A summary of the status of the Company’s nonvested options as of September 30, 2008, and changes during the period then ended, is presented below:
| | Number of Options | | Weighted- Average Grant-Date Fair Value | |
Nonvested at January 1, 2008 | | 290,000 | | $ | 1.27 | |
Granted | | 10,000 | | $ | 1.12 | |
Vested | | (5,000 | ) | $ | 1.12 | |
Nonvested at March 31, 2008 | | 295,000 | | $ | 1.27 | |
Granted | | 375,000 | | $ | 1.42 | |
Vested | | (25,000 | ) | $ | 1.35 | |
Nonvested at June 30, 2008 | | 645,000 | | $ | 1.35 | |
Granted | | — | | — | |
Vested | | (110,000 | ) | $ | 1.53 | |
Nonvested at September 30, 2008 | | 535,000 | | $ | 1.32 | |
As of September 30, 2008, there was $431,917 of unrecognized compensation cost related to nonvested share-based compensation arrangements granted under the Plans. That cost is expected to be recognized over a weighted-average period of less than one year.

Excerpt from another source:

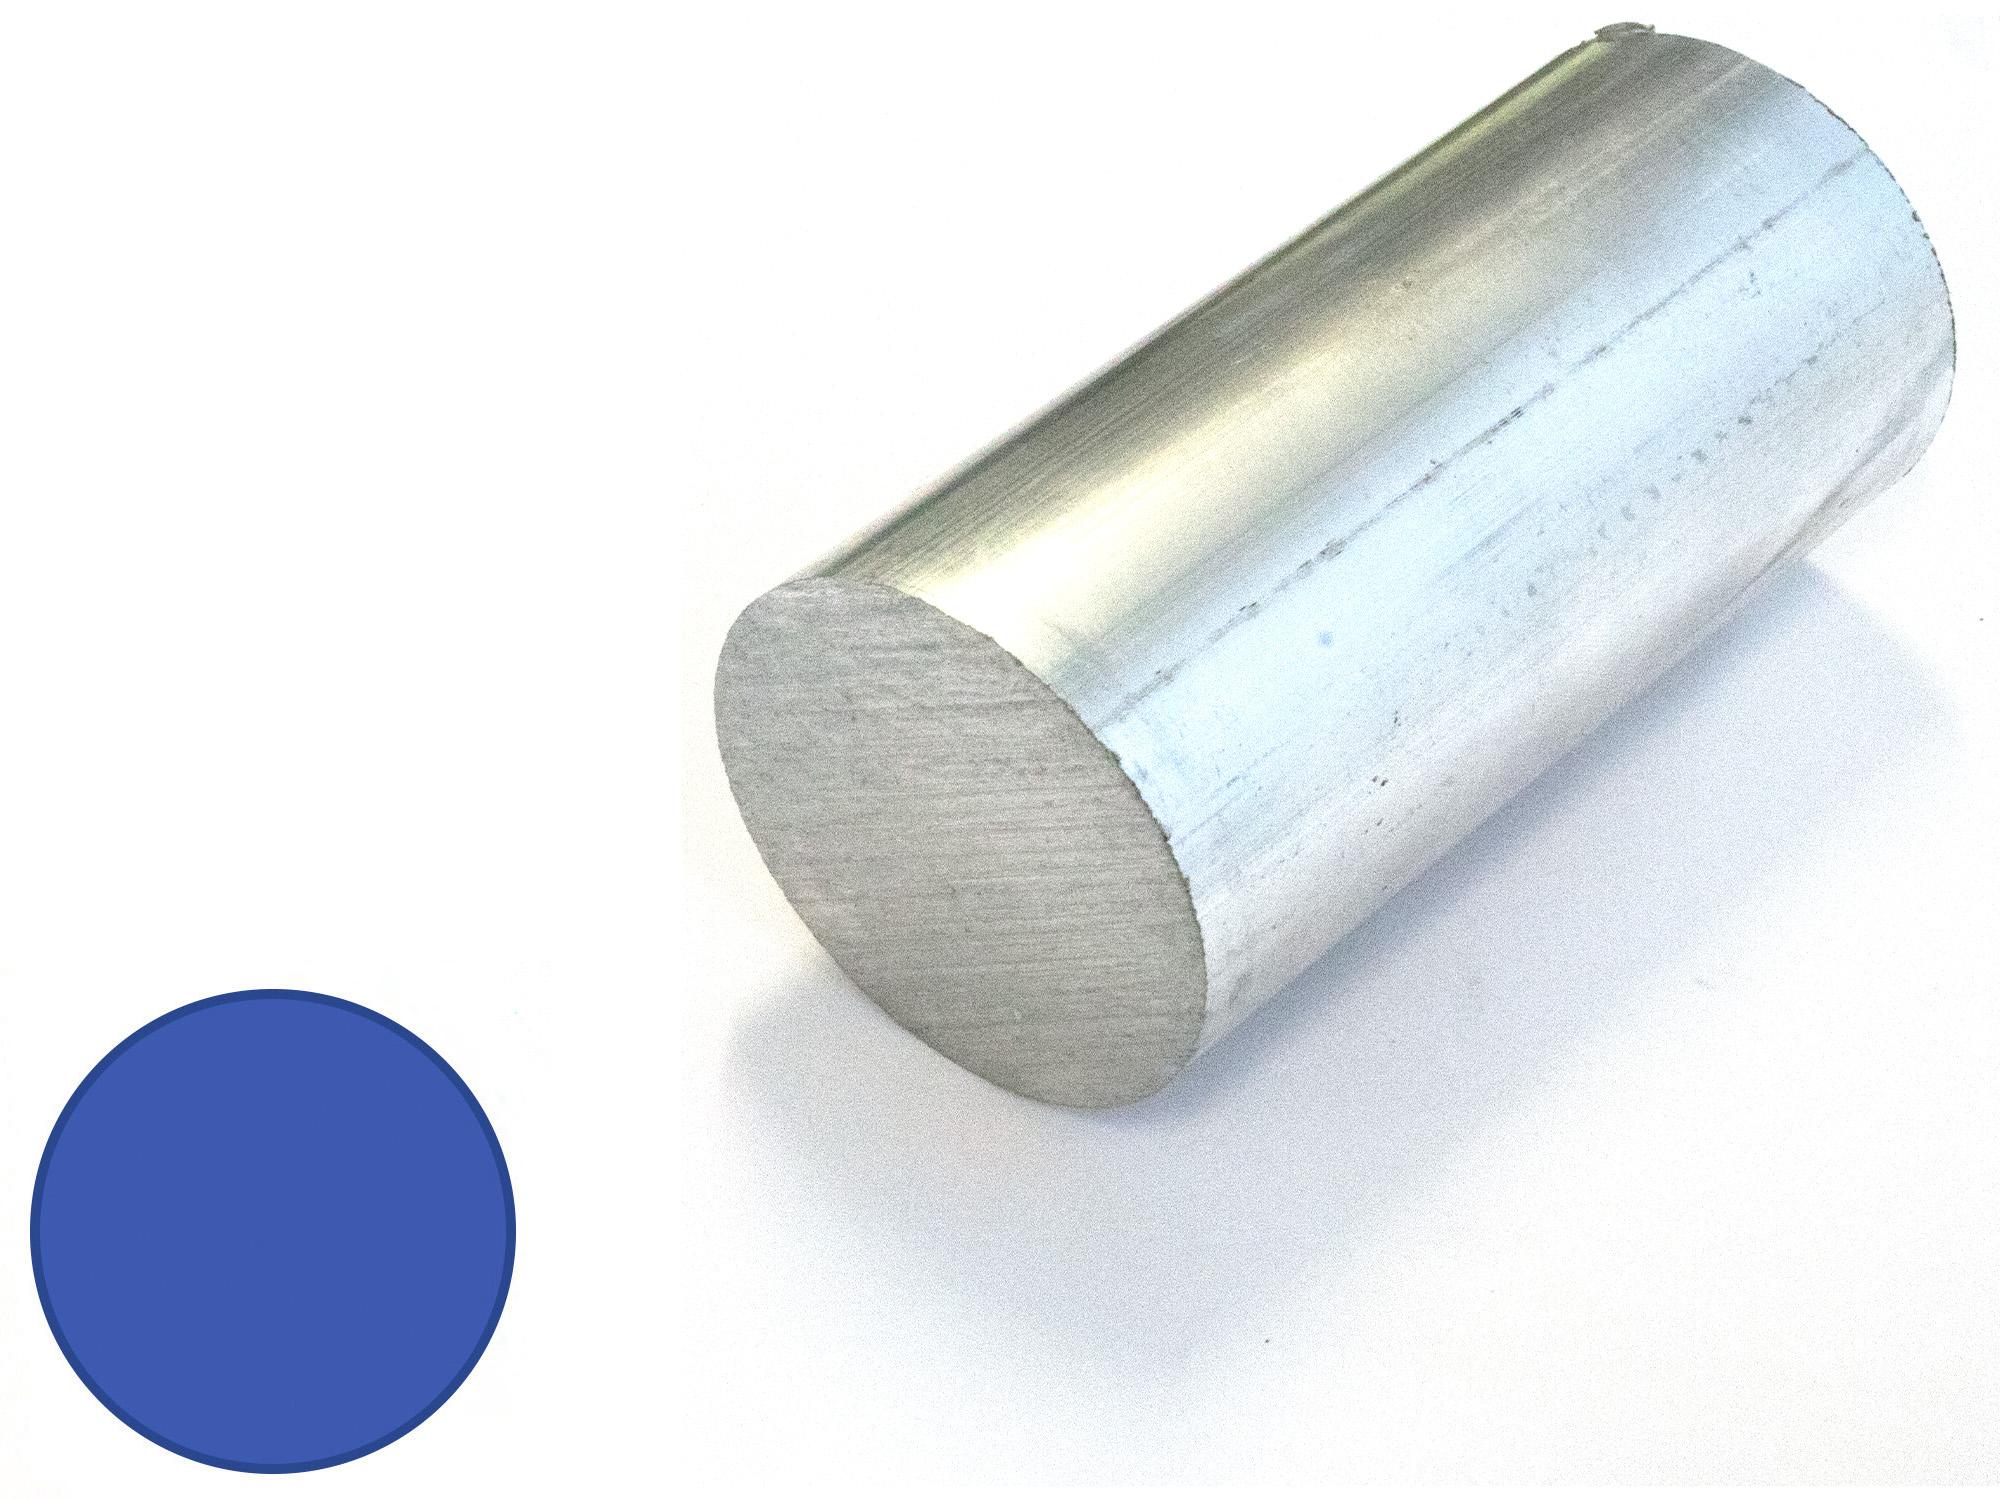 Aluminium as

Total compensation costs recognized for stock-based employee compensation awards was $672,307 and $228,700 for the three months ended September 30, 2008 and 2007, respectively. Total compensation costs recognized for stock-based employee compensation awards was $1,349,525 and $649,570 for the nine months ended September 30, 2008 and 2007, respectively, These costs were included in general and administrative expenses and technical services on the Statement of Operations. Total costs recognized for stock-based compensation awards for services performed by outside parties was $19,963 and $-0- for the three months ended September 30, 2008 and 2007, respectively. Total costs recognized for stock-based compensation awards for services performed by outside parties was $70,654 and $6,550 for the nine months ended September 30, 2008 and 2007, respectively. These costs were included in administrative and technical expenses on the Statement of Operations. Cash received from options exercised under all share-based payment arrangements during the nine months ended September 30, 2008 and 2007 was $800,000 and $-0-, respectively.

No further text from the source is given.